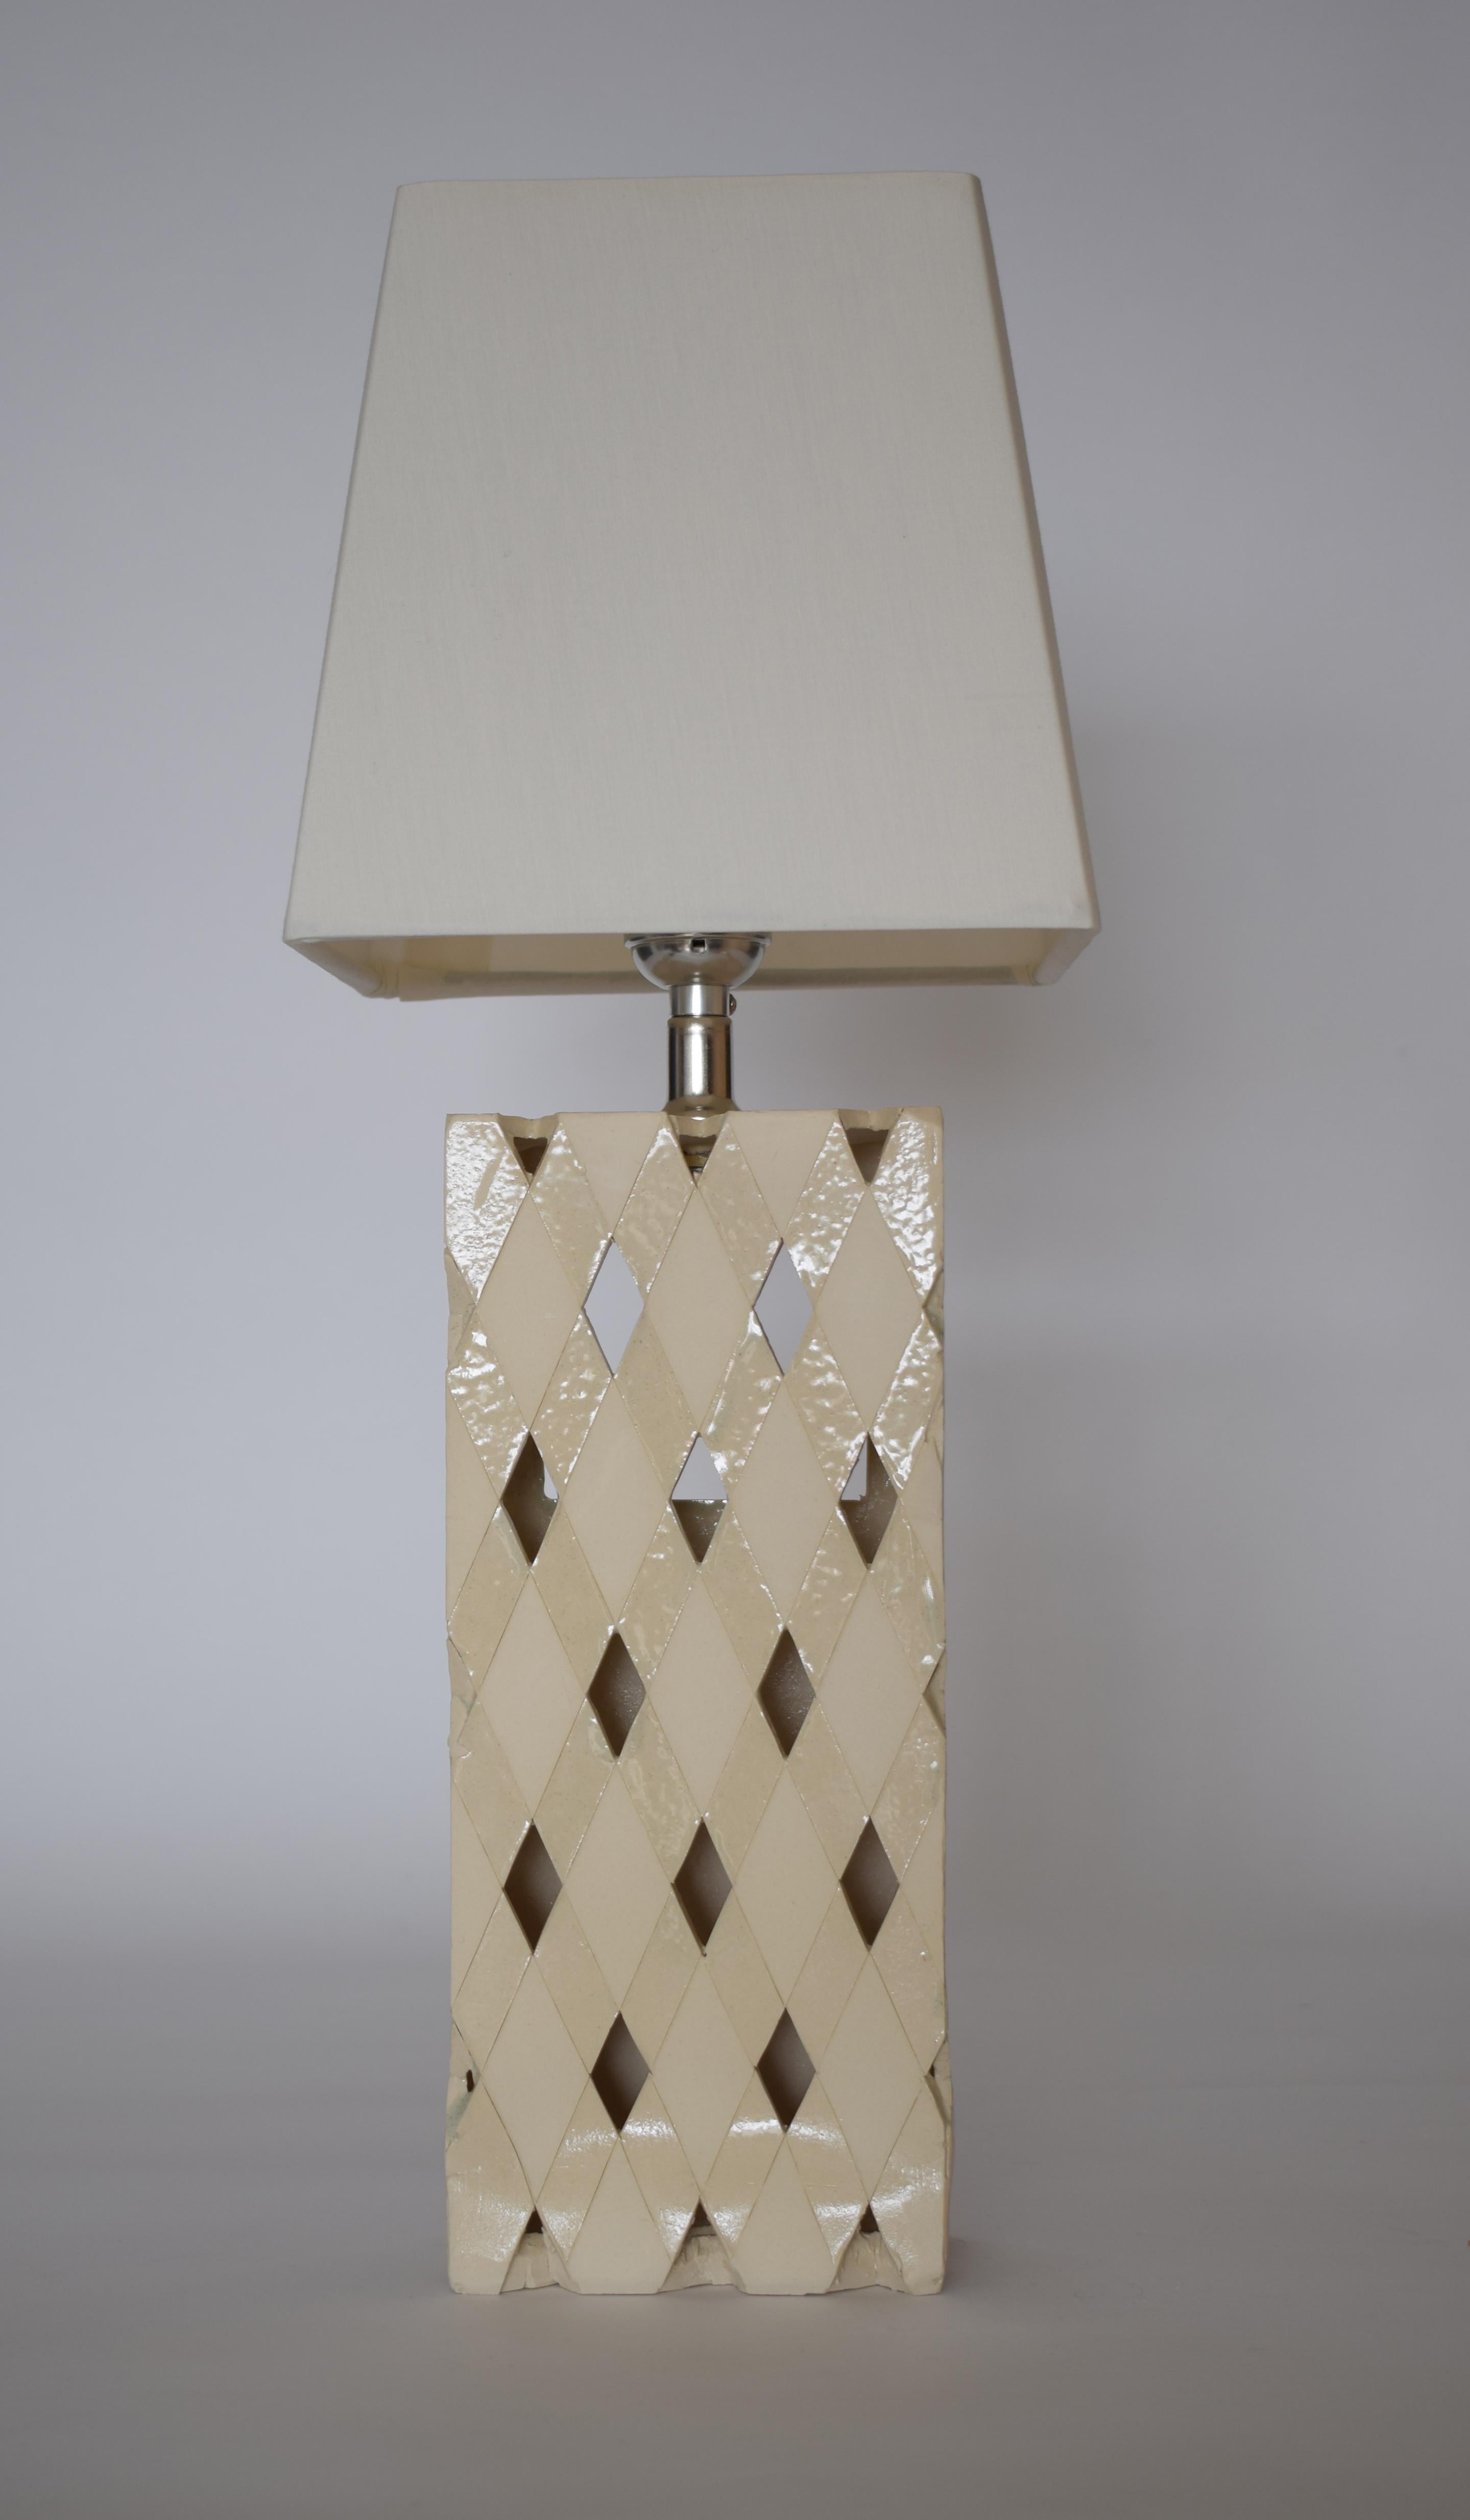 Inspired by the iconic Hearst building in NYC, this lamp is crafted with precision and sophistication; it features a rectangular clay prism incised with an array of diamond openings. Drawing inspiration from Norman Foster's design, the lamp
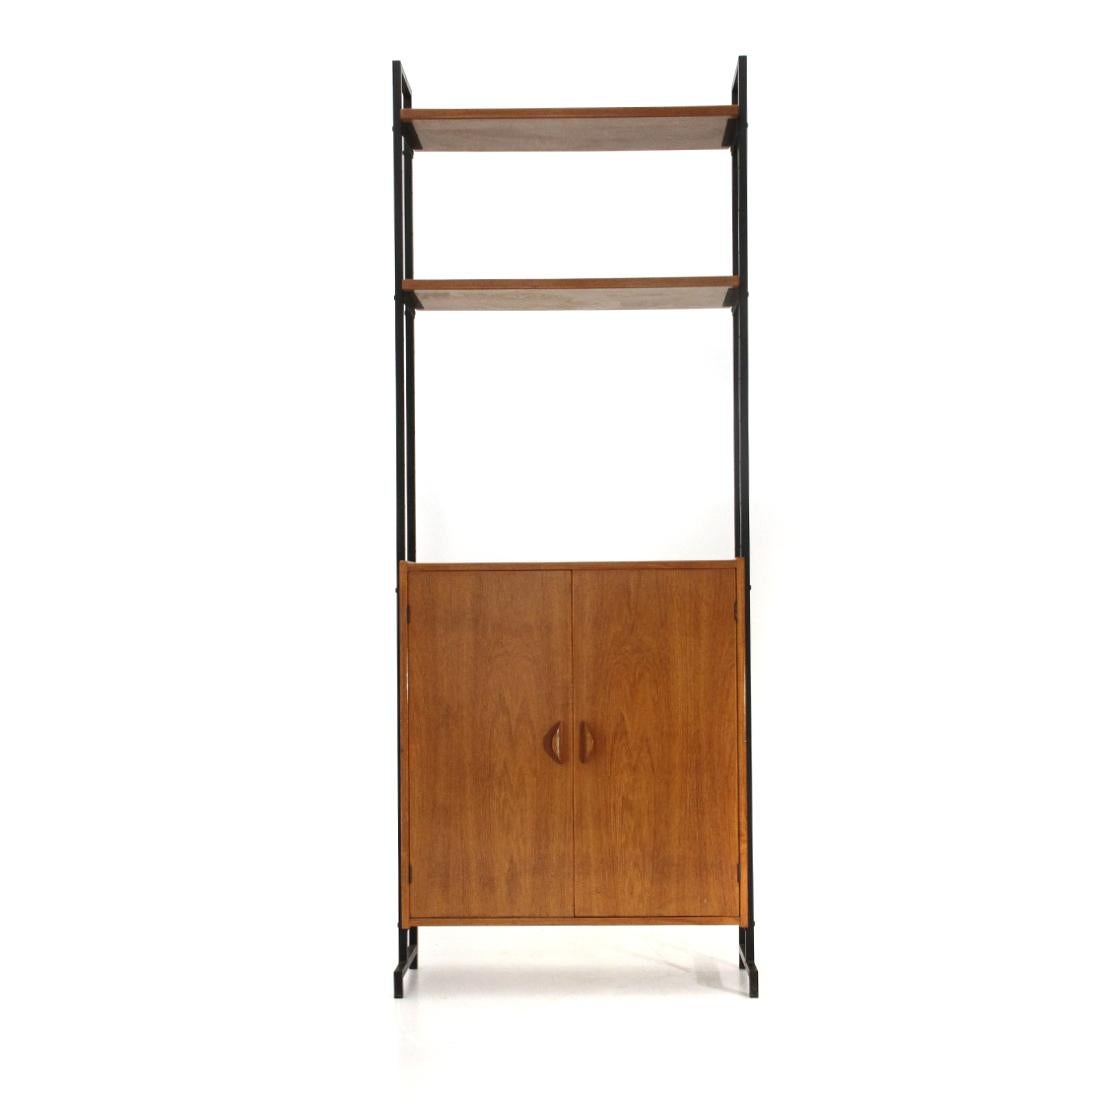 Italian-made bookcase produced in the 1960s.
Uprights in black painted metal.
Shelves and storage compartment in veneered wood.
Storage compartment with two internal shelves.
Handles in shaped wood.
Good general condition, some signs due to

- _Try it_
Look over the entries for "compartment", then copy every line that includes that string.

- _Exercise output_
Shelves and storage compartment in veneered wood.
Storage compartment with two internal shelves.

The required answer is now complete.